We’d have the opportunity to select Priority Locations (based on the power map exercise we do this time, and maybe 70% capacity going towards supporting this in org) and determine where we need to build power and engage in strategic disruption across the country. We should also think more deeply & seriously about a worker constituency within those locations, beyond teacher unions. One example could be a young transit work constituency, that’s work to organize transit unions in support of demands like Universal Public Transit. We should see this is something incredibly new, experimental, but a choice in the right direction towards thinking more deeply about power, and the kind of power we need to build to win.
Opportunity, given money coming to local and state governments through federal funding that’s become available through BIF (and maybe BBB), to run campaigns during funding towards Green New Deal pillars
With a goal to continuing to shift the common sense on climate and the Green New Deal, the broadest and most appealing campaign will do that; not a Green New Deal for Education
If we want a policy that supports WWII style mobilization around climate, we need policy that appeals to the broadest subset of the public. That’s a GND for Communities.
We need to win shit locally, and shit that will have material impacts on peoples lives. A GND for Communities will most do that. And build the case that the government should be and can be effective in providing real change for working people.
Finally, to win massive climate legislation, we need to continue vying for state power, through the election of GND champions.
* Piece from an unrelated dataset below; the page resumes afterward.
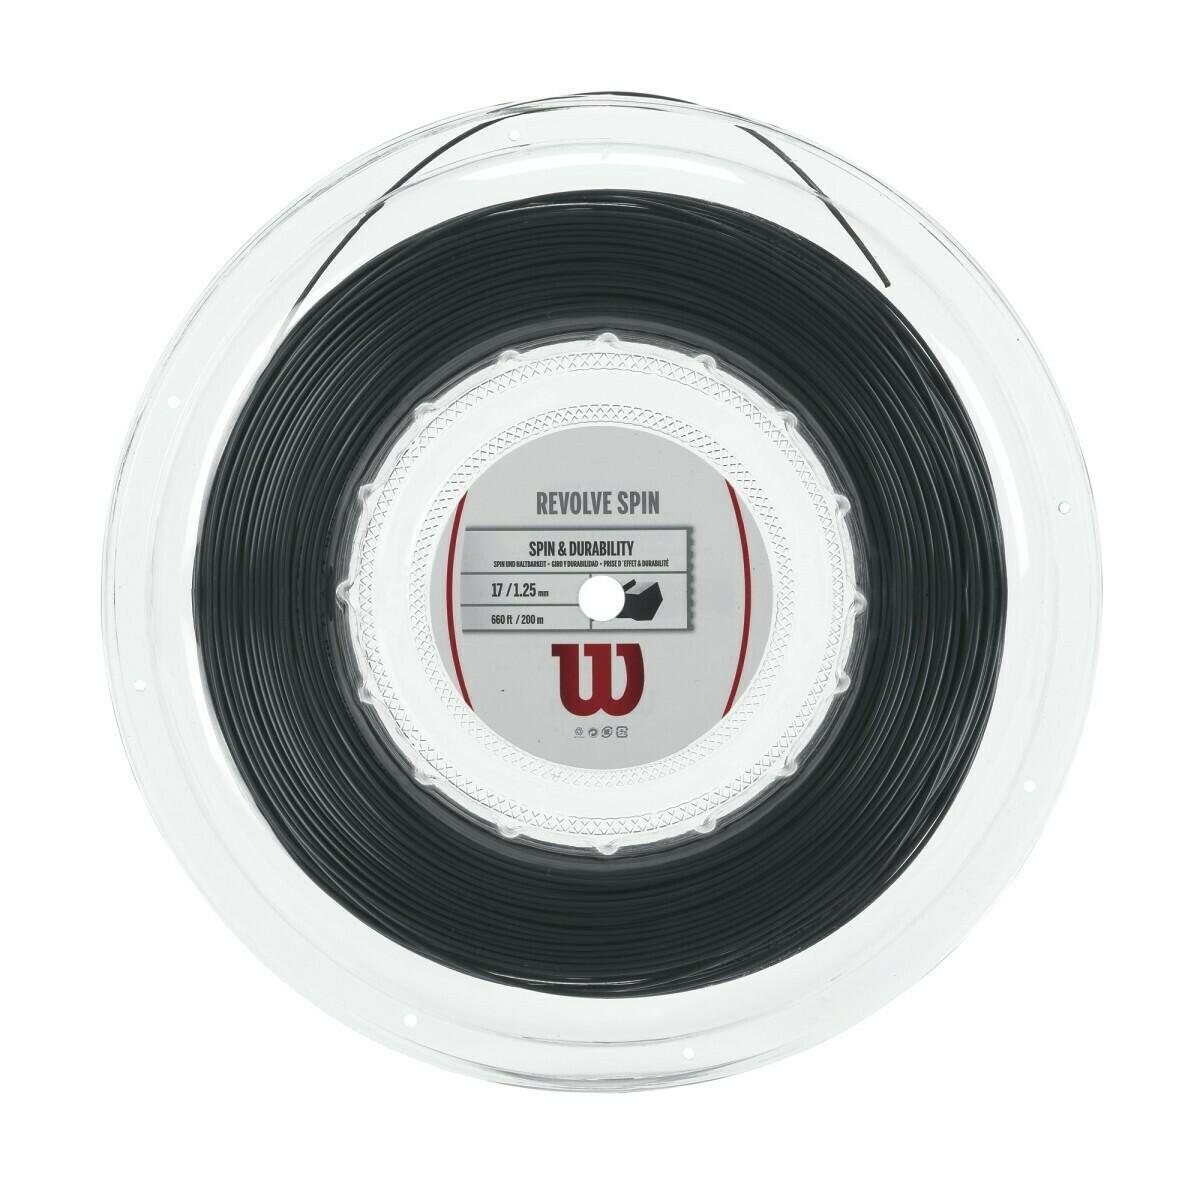 Wilson Revolve Spin 16 Tennis String 200m Reel - Black

By supporting our entire movement on GND for Communities campaigns, we can see it as a deep investment in getting towards this goal. But we must do it right. We must see community organizing as a long-term strategy, and set our movement's sights, in their local Green New Deal campaigns, as organizing opportunities towards the 2024, 2026 and 2028 federal elections. And the metric of our success; can we use our organizing locally, as a sort of structure test during federal elections? (e.g., can we mobilize our movement during these critical elections? To elect GND champions, and to set us up to mass federal climate legislation.)
Conclusion
First, if you’ve made it this far, thanks for reading! I want to wrap by saying that over break, I spent an hour crying my eyes out, terrified that all our efforts, all our organizing, all this work, would be for not. That we’d be unable to stop the capitalist class, unable to stop the fossil fuel industry, from turning society into a hellscape rife with disaster, mass death and devastation.
And then I got my shit together, and said well dammit. If the ruling class can plan, can be strategic, can build and maintain power, can get what they want, so can I. So can we. So can the working class. And so can like Left. Organize, don't antagonize. And these reflections come from that place.
In writing this, my hope isn’t that this analysis is right or entirely correct or spot on, but that it sparks a convo between us, as leadership in frontloading, as leadership in Sunrise, to be think about how we can be as strategic as possible, in making choices about how we think we pass massive federal legislation. About what we think our best shot at passing massive federal legislation to avert climate catastrophe is.
For, the fate of the world, and future generations, could depend on our movement (and movements now, working on climate legislation) getting that right.